* [Supplied information]:
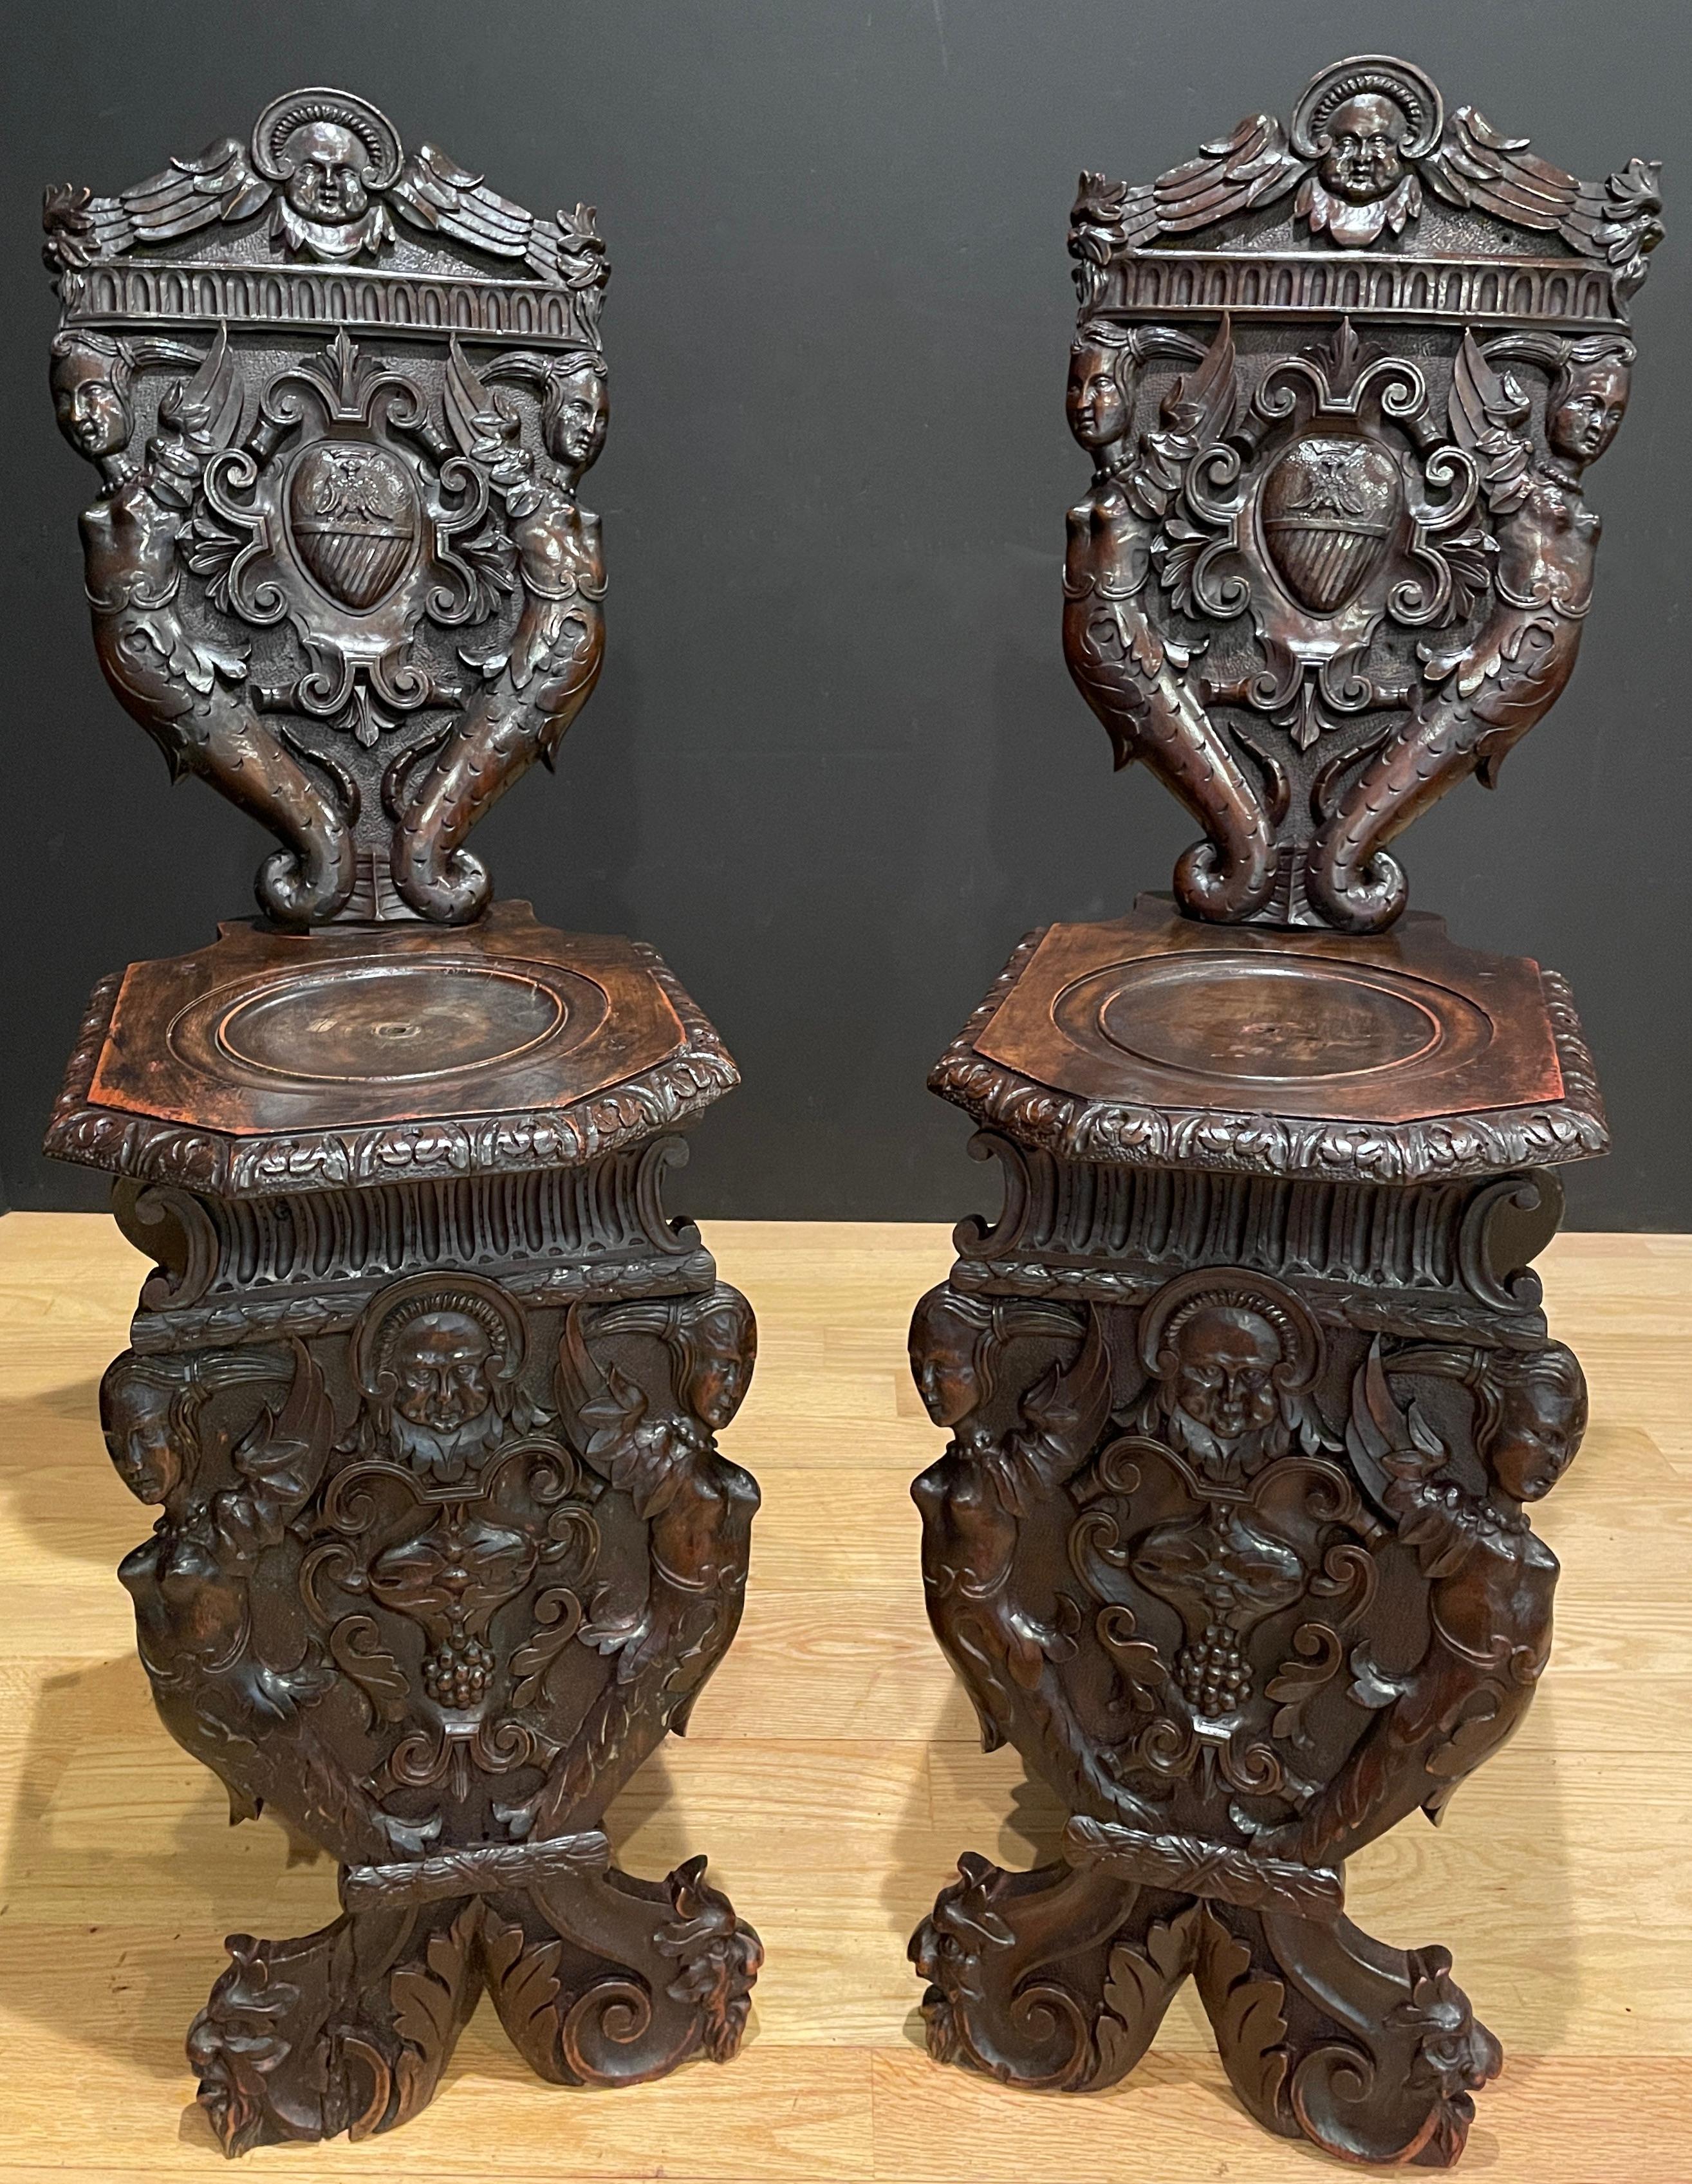 Antikes Paar figuraler, stark geschnitzter Nussbaum-Sgabello-Stühle. 
Geflügelte Figuren und barocke Muster.
Der sgabello ist eine Art Stuhl oder Hocker mit geschnitzten und oft kunstvoll verzierten Holzbeinen und Rückenlehnen. Die Form stammt aus

* [Task details]: Your task is to retype the listing exactly, without its pictures.

* [Solution to this problem]:
 Antikes Paar figuraler, stark geschnitzter Nussbaum-Sgabello-Stühle. 
Geflügelte Figuren und barocke Muster.
Der sgabello ist eine Art Stuhl oder Hocker mit geschnitzten und oft kunstvoll verzierten Holzbeinen und Rückenlehnen. Die Form stammt aus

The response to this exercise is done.